The bill will cost $940 billion over the next 10 years, according to a preliminary analysis released last week by the nonpartisan Congressional Budget Office. The bill cuts the deficit by $138 billion in the next 10 years and further reduces the deficit by another $1.2 trillion in the following decade, according to the CBO report.

Decades from now, Americans will look on this legislation with pride.

Now 32 million more Americans will have health care coverage.

Now when fully phased 95 percent of eligible Americans will be insured.

Now people with pre-existing conditions will not be denied health care coverage.

Now people will not have their coverage canceled because they got sick.

The battle for health care reform was won because:

In the end, the false fears of death panels and socialism met the reality of middle class families complaining about rising premiums and small business complaining about costs.

The Democrats majority in Congress finally acted like they were in charge.

Still the president had to use all his persuasive skills to convince wavering Democrats fearful of mid-term elections.

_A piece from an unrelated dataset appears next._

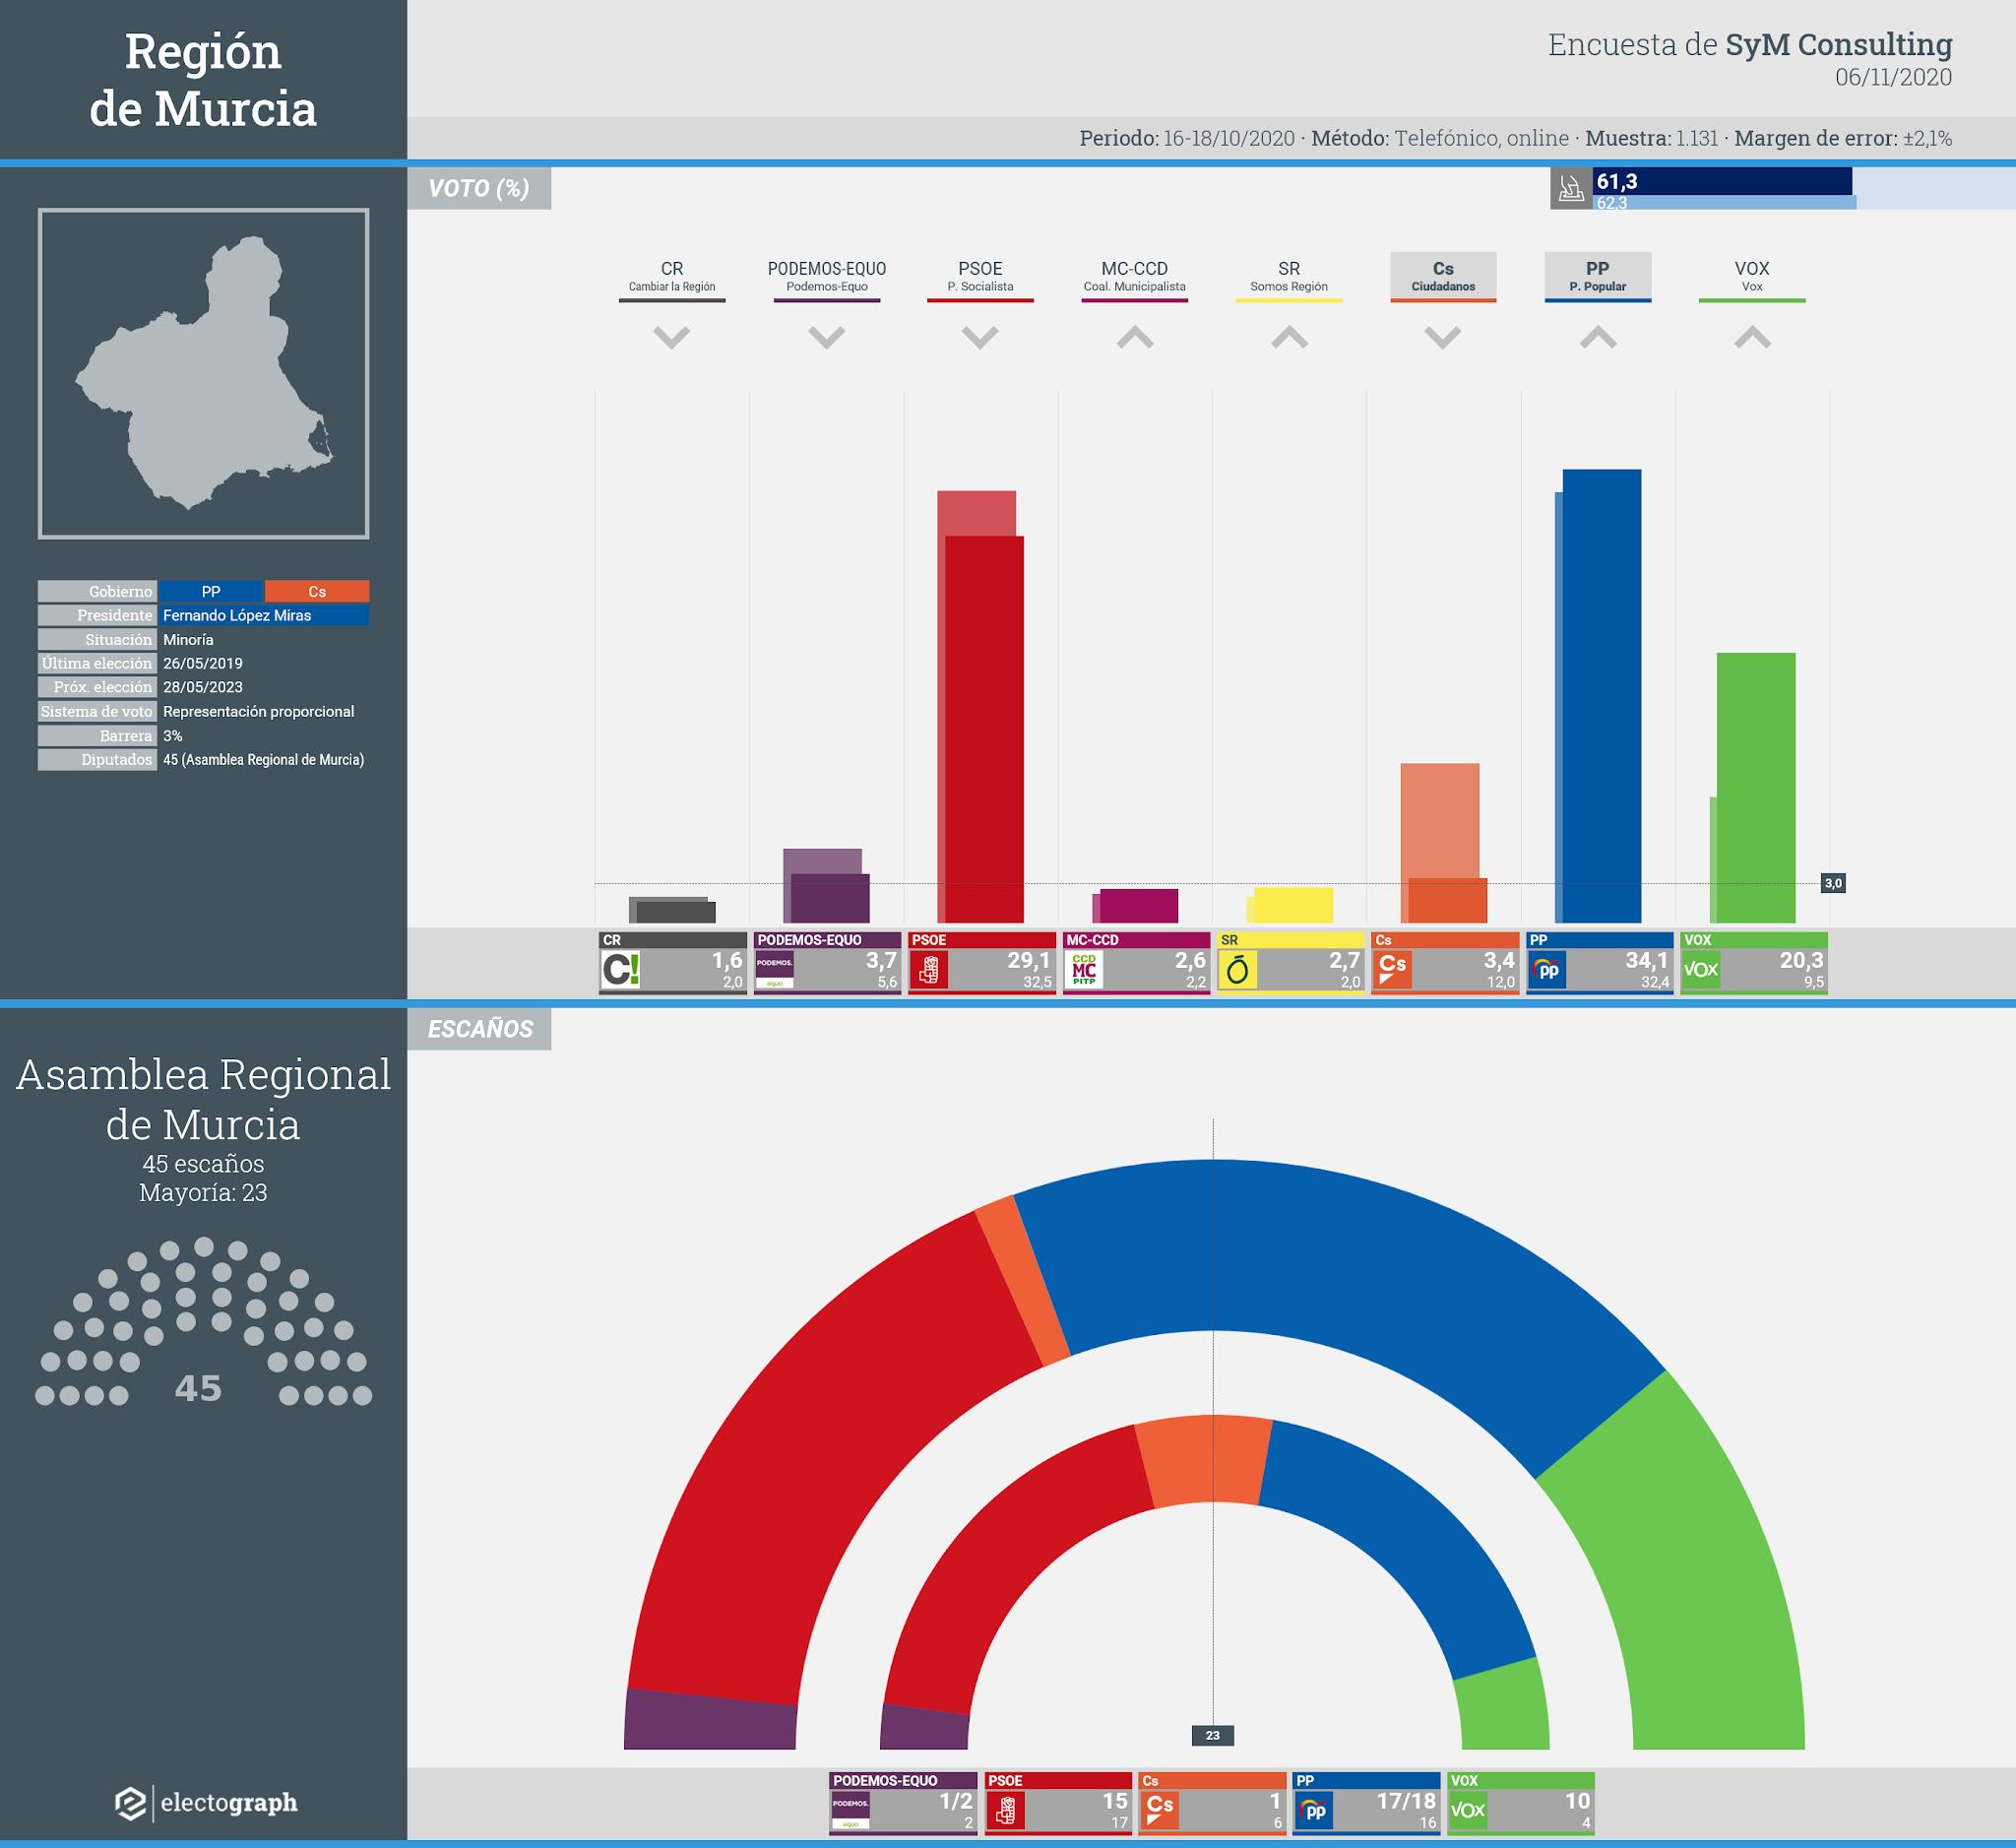 Gráfico de la encuesta para elecciones autonómicas en la Región de Murcia realizada por SyM Consulting, 6 de noviembre de 2020

In the end, President Obama became a leader.

He stopped trying to persuade Republicans who weren’t going to be persuaded no matter how many GOP ideas he incorporated into the health care plan.

He could compromise, compromise, compromise but Republicans were determined to make health care his Waterloo.

There has been months of debate on this issue. All sides had been heard.

Attempts at a bipartisan compromise had failed miserably.

In the final days Obama made his position clear on what he wanted and fought for it.

He showed compassion. He showed courage. He showed determination.

His leadership gave congressional Democrats the courage to do the right thing.

We saw the president we voted for finally reemerge.